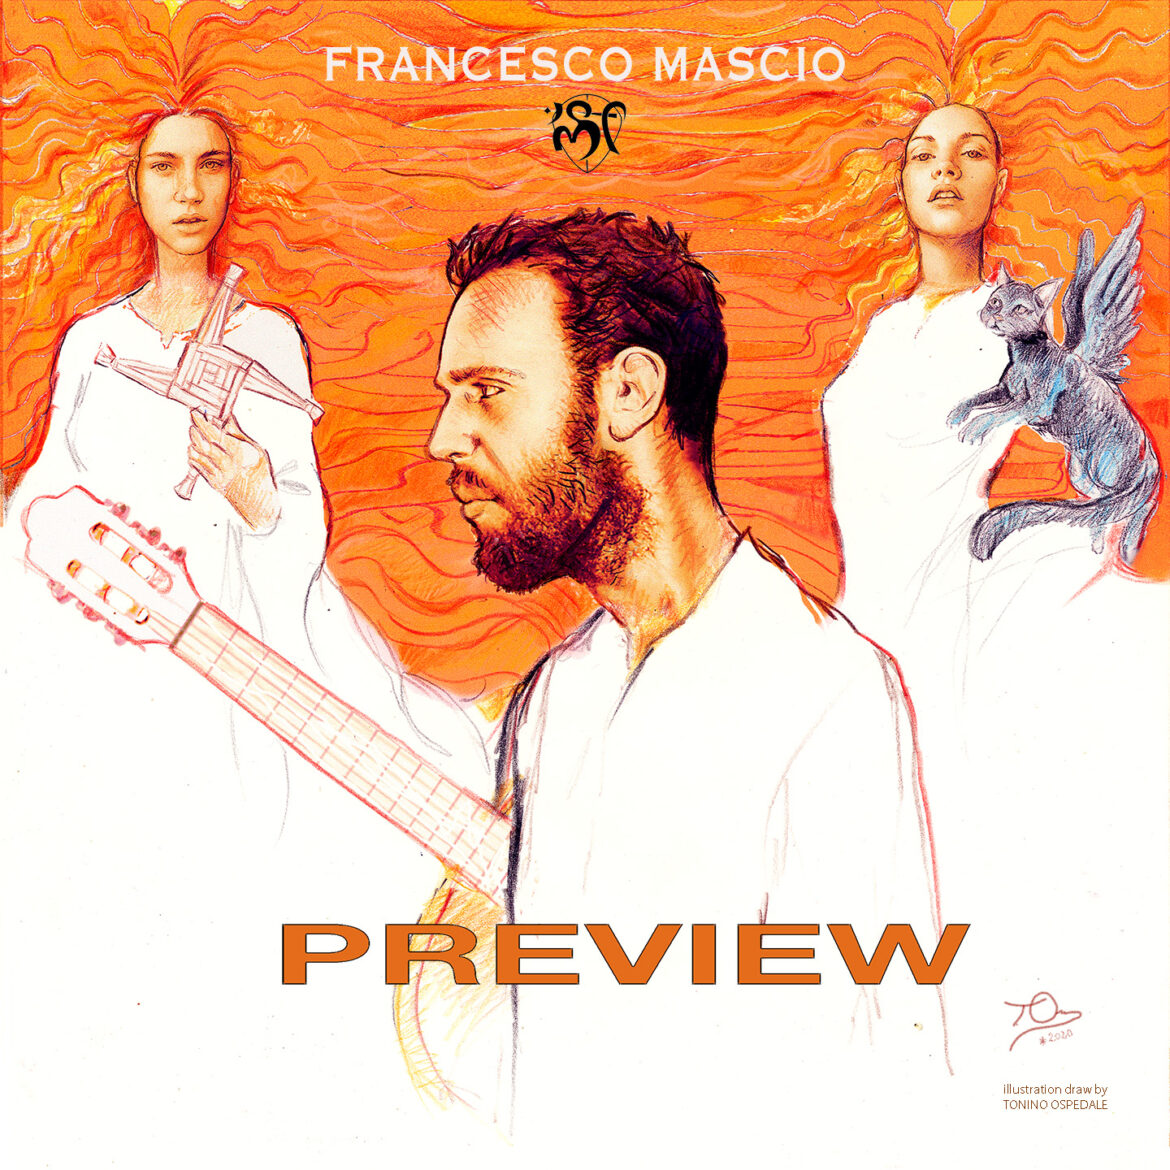 Francesco Mascio pubblica Preview, il nuovo lavoro discografico in streaming
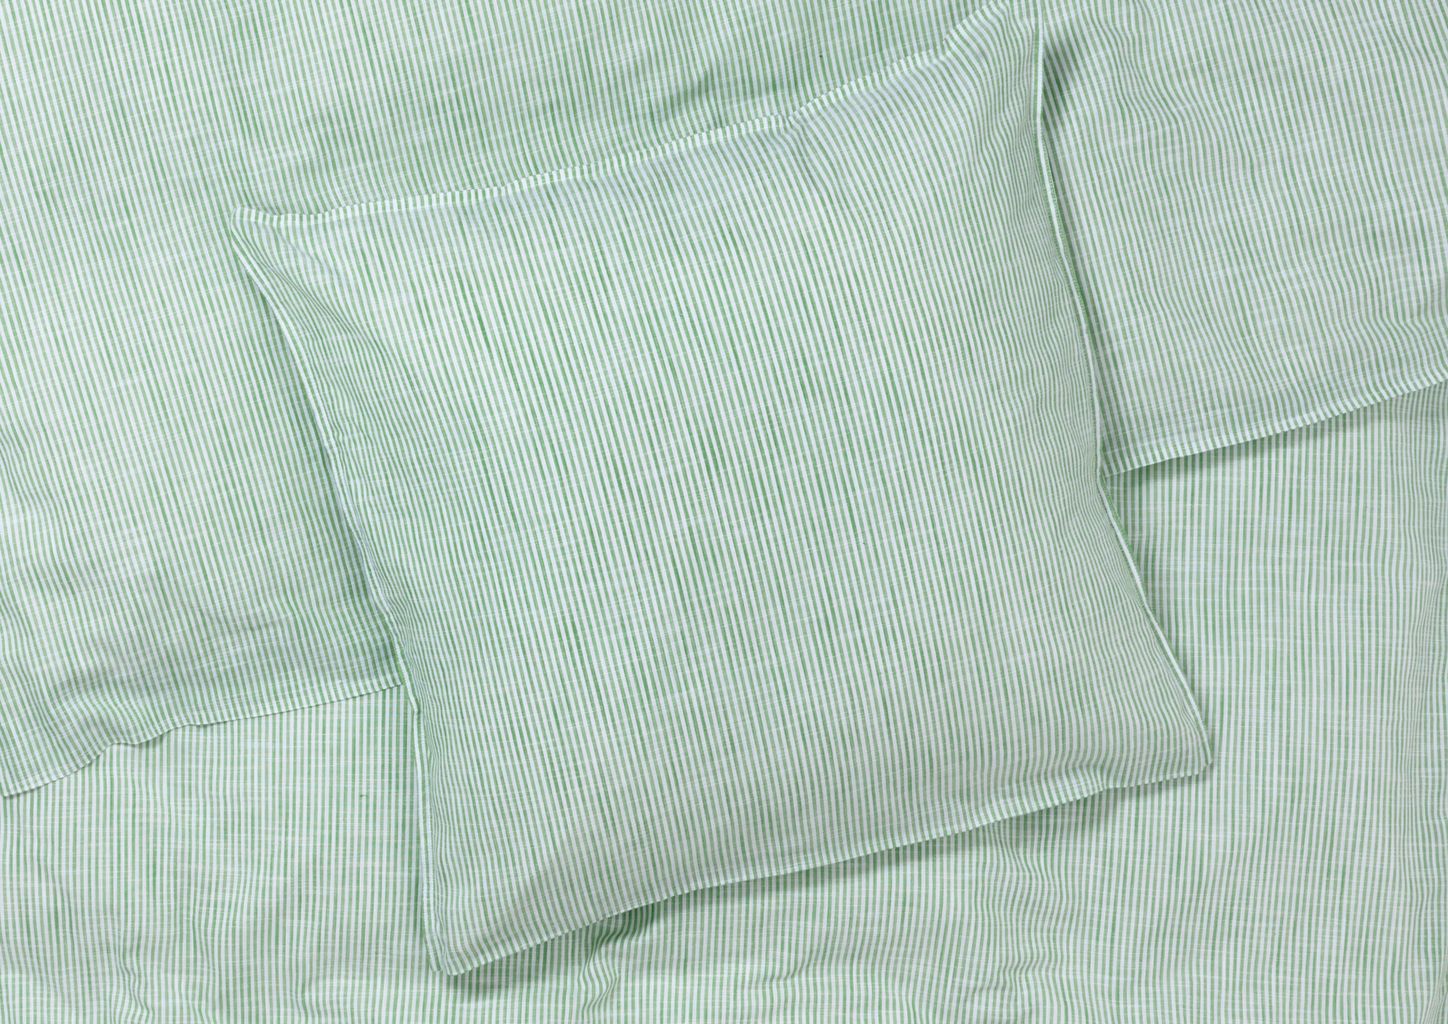 JUNA Monochrome Lines sängkläder 140x200 cm, grönt/vitt
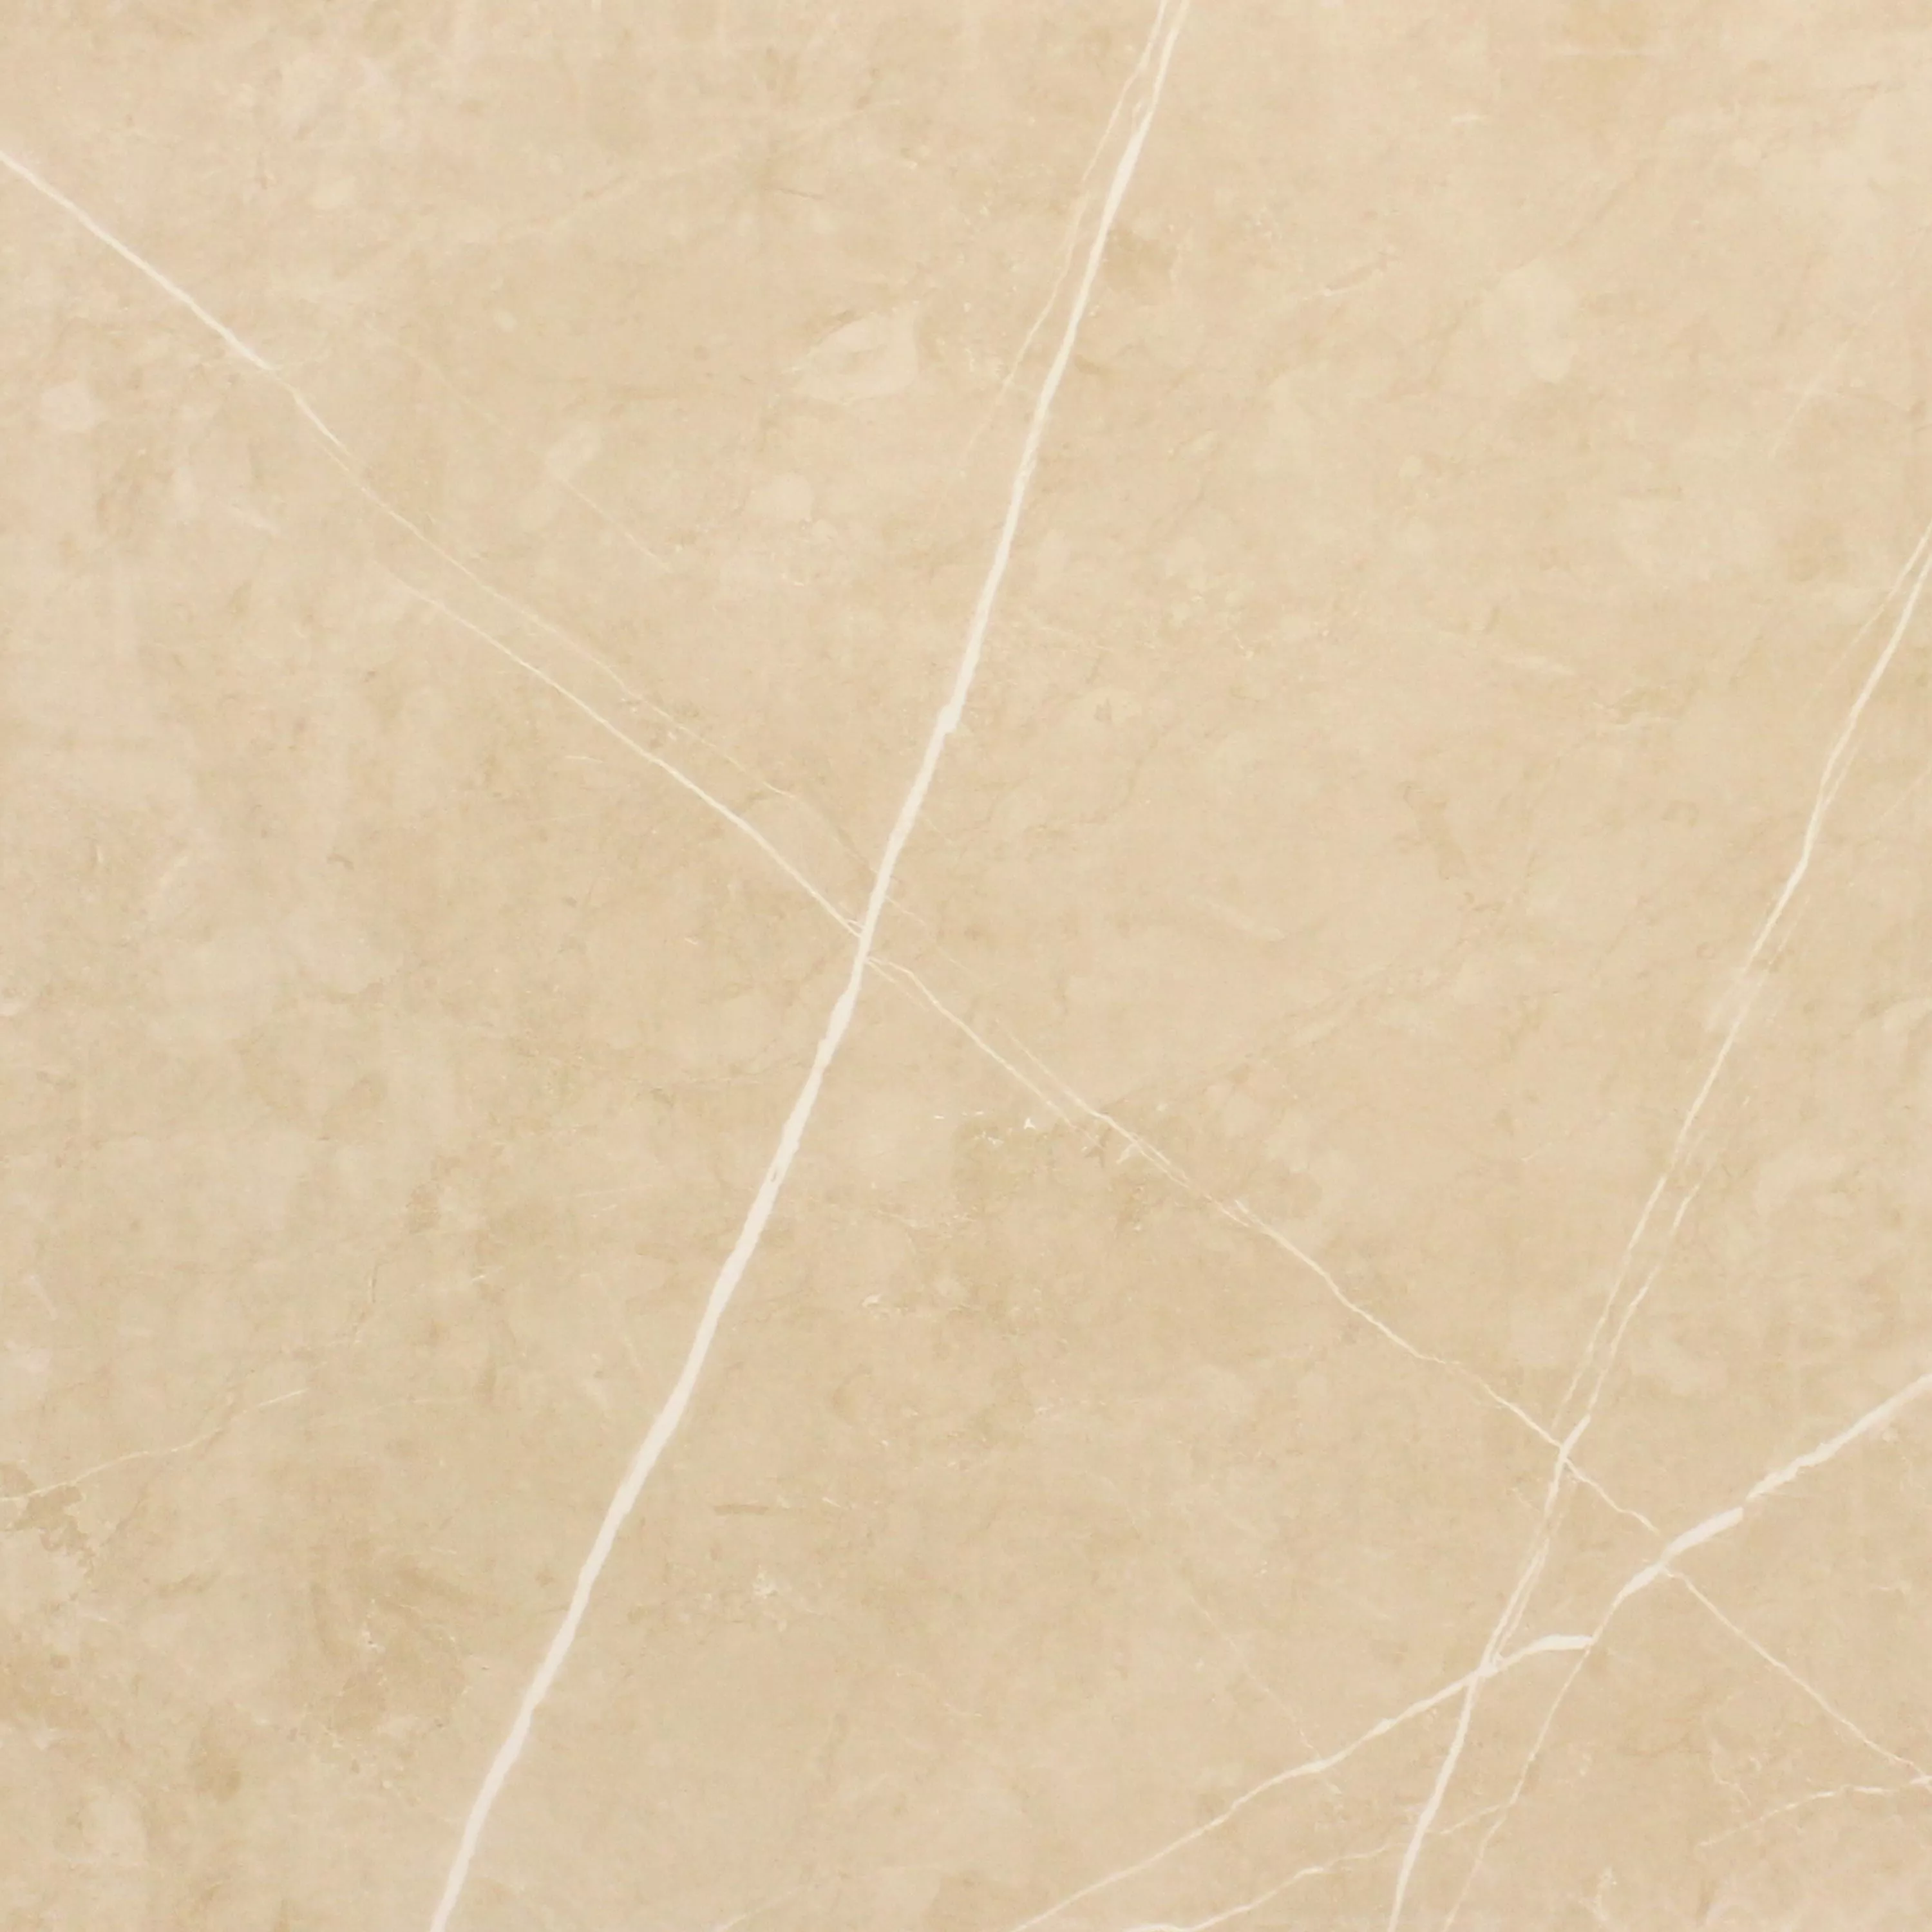 Πρότυπο Πλακάκια Δαπέδου Astara Eμφάνιση Φυσικής Πέτρας Αμεμπτος Μπεζ 60x60cm

• Problem description:
Every line of the listing above is to be repeated exactly, with its pictures left out.

• Output of the exercise:
 Francesco Mascio pubblica Preview, il nuovo lavoro discografico in streaming
 JUNA Monochrome Lines sängkläder 140x200 cm, grönt/vitt
 Πρότυπο Πλακάκια Δαπέδου Astara Eμφάνιση Φυσικής Πέτρας Αμεμπτος Μπεζ 60x60cm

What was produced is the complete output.